- _EXERCISE AIM_:
Reproduce the listing word for word, leaving every picture behind.
(SOURCE MATERIAL Opens)
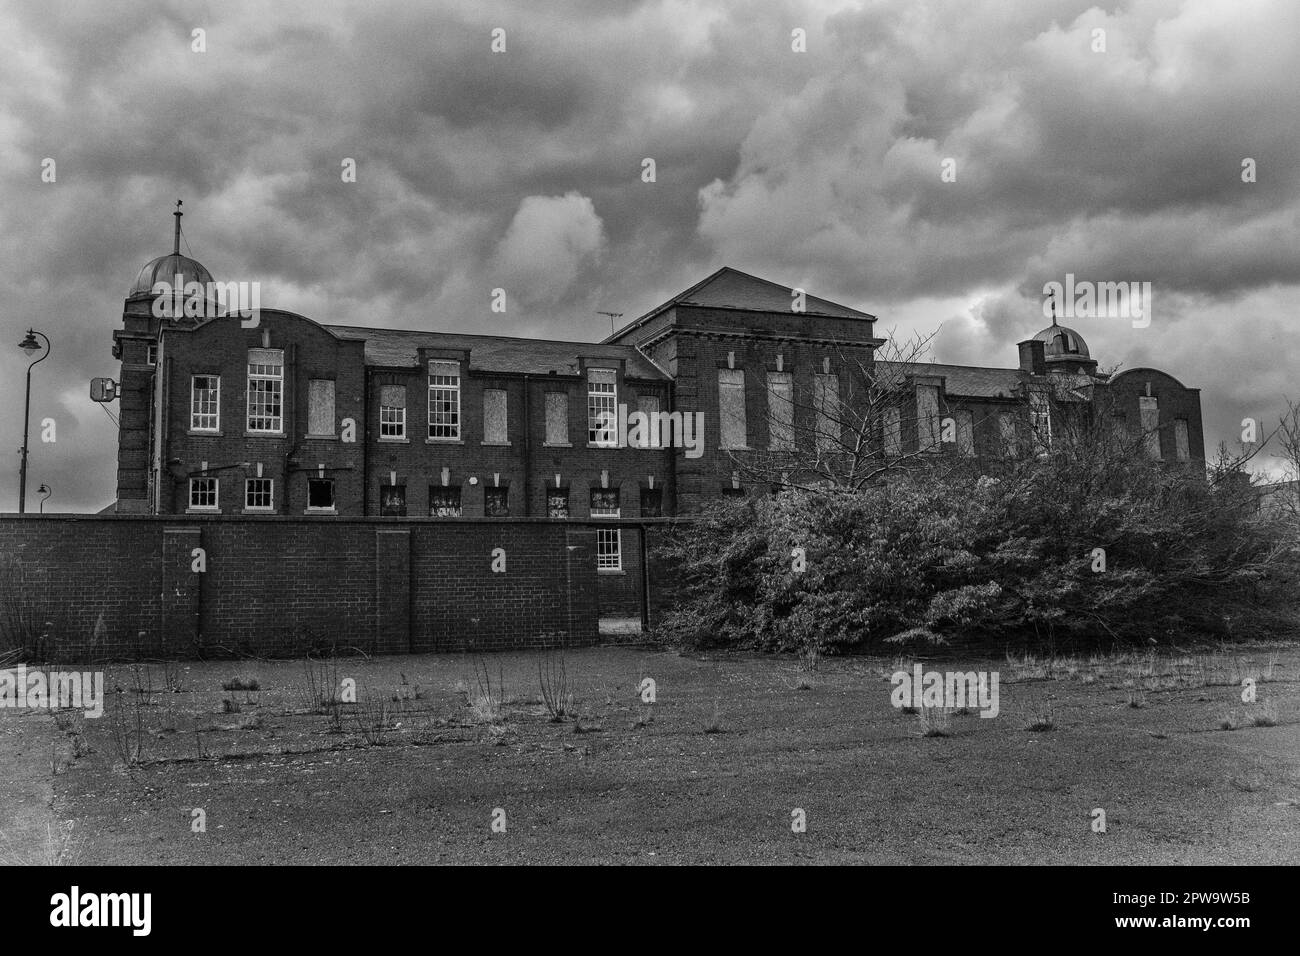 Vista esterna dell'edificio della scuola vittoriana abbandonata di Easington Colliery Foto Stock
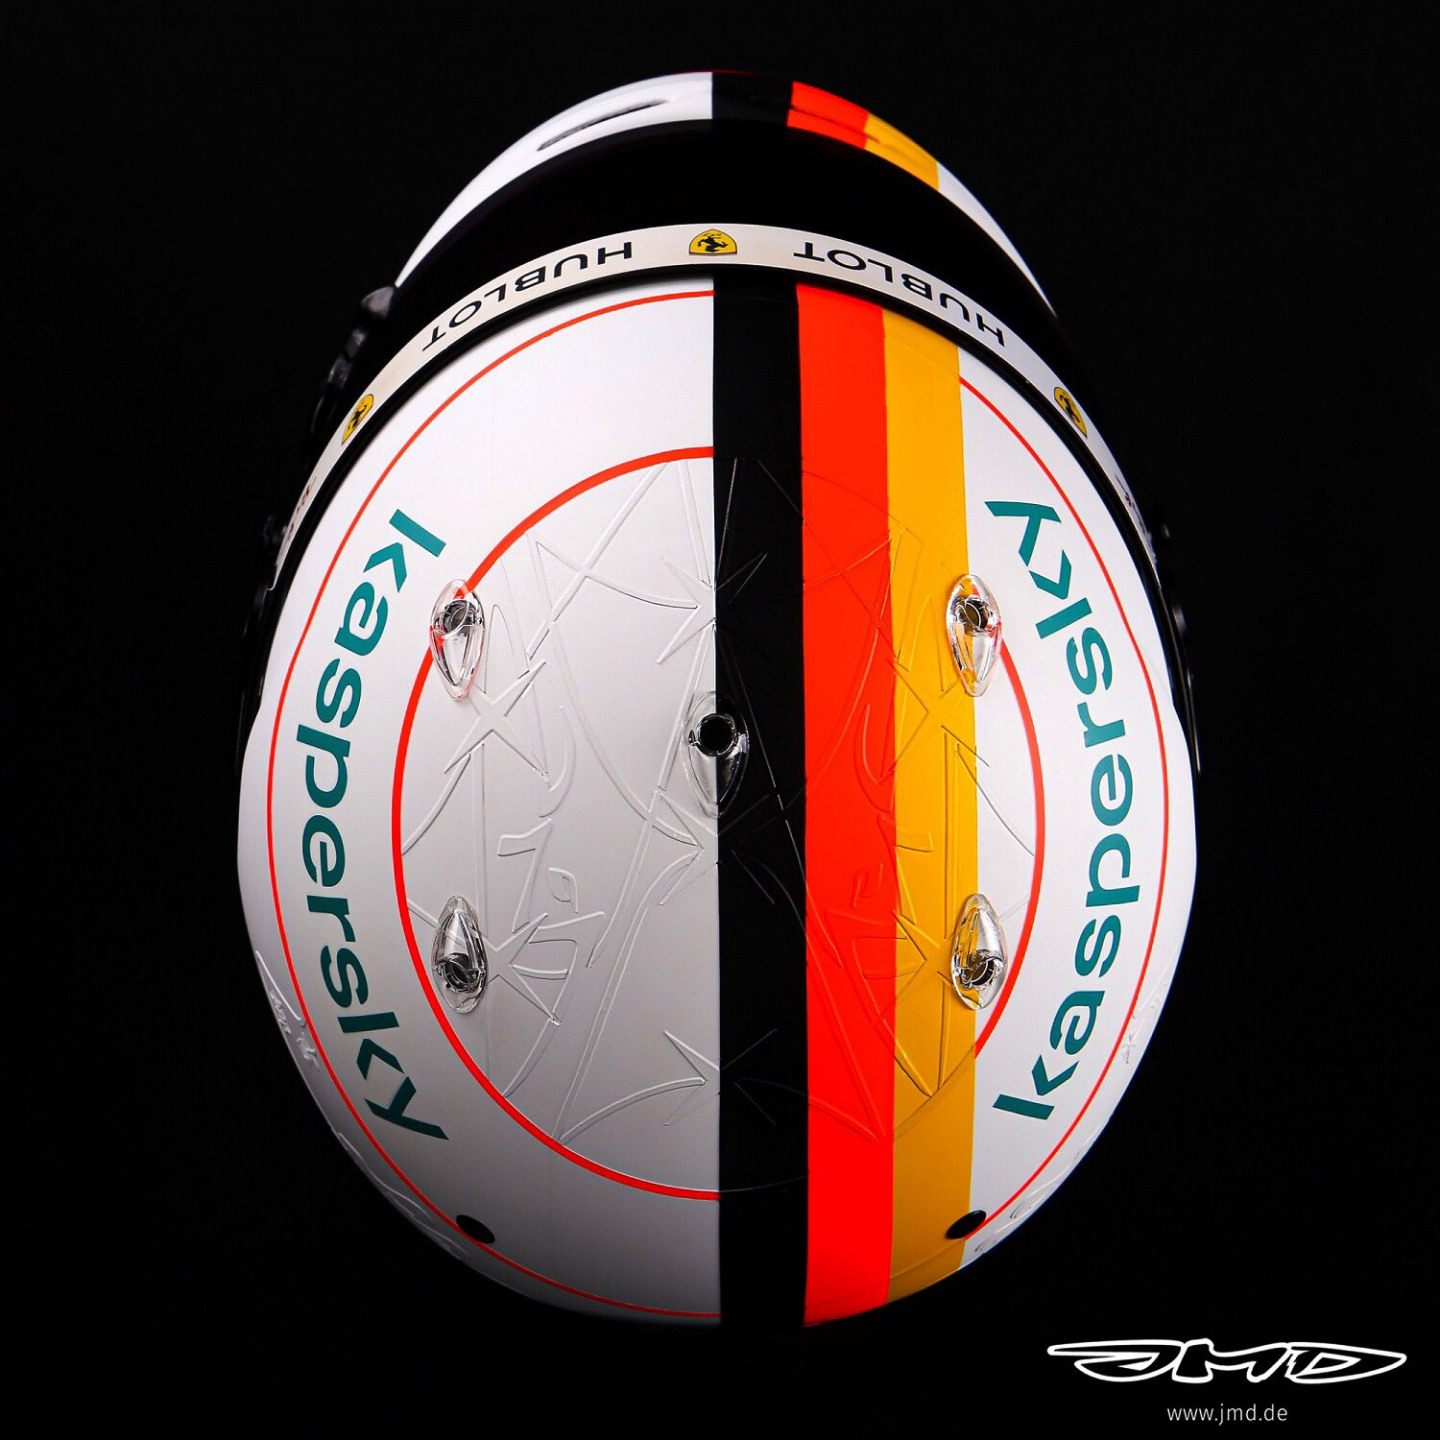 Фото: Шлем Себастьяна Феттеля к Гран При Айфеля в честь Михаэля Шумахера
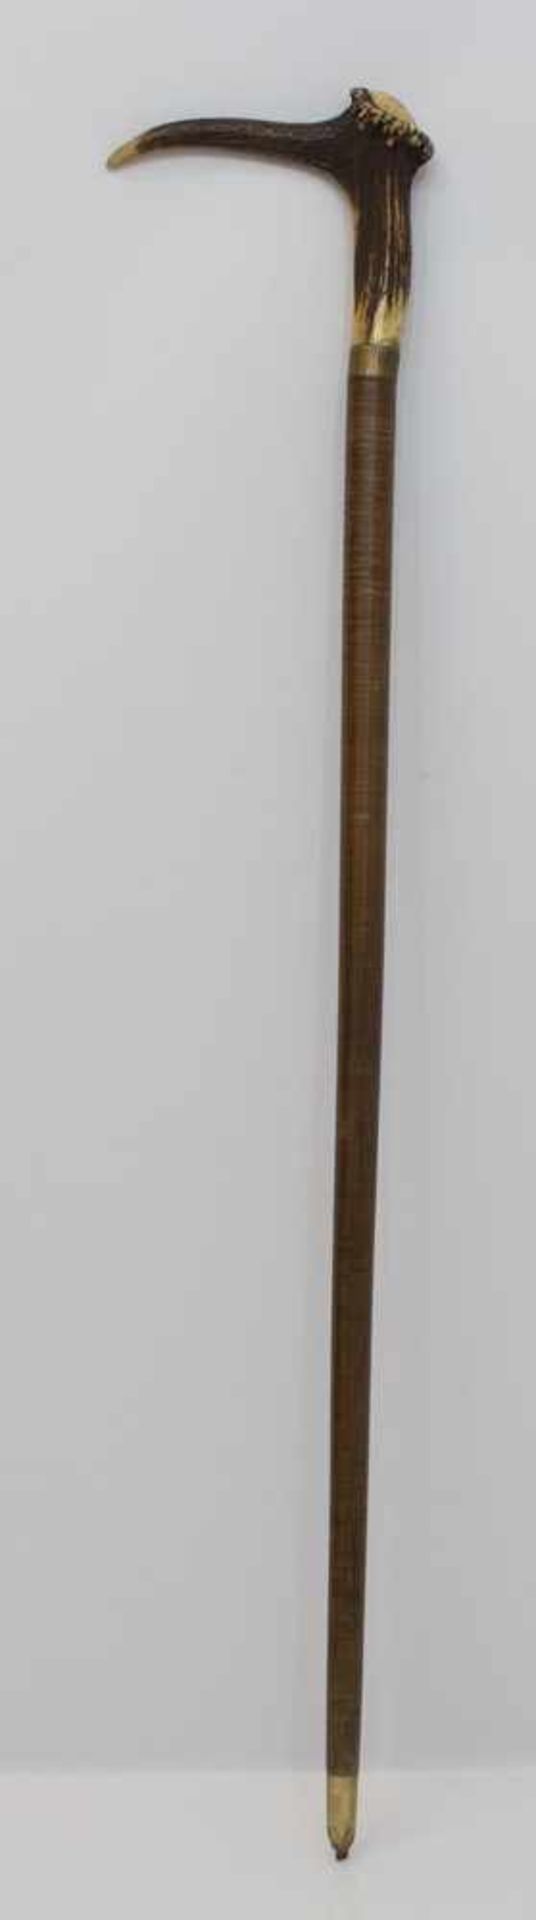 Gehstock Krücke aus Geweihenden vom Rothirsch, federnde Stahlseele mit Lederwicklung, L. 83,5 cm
(SOURCE MATERIAL Closes)
- _ANSWER_:
 Vista esterna dell'edificio della scuola vittoriana abbandonata di Easington Colliery Foto Stock
 Фото: Шлем Себастьяна Феттеля к Гран При Айфеля в честь Михаэля Шумахера
 Gehstock Krücke aus Geweihenden vom Rothirsch, federnde Stahlseele mit Lederwicklung, L. 83,5 cm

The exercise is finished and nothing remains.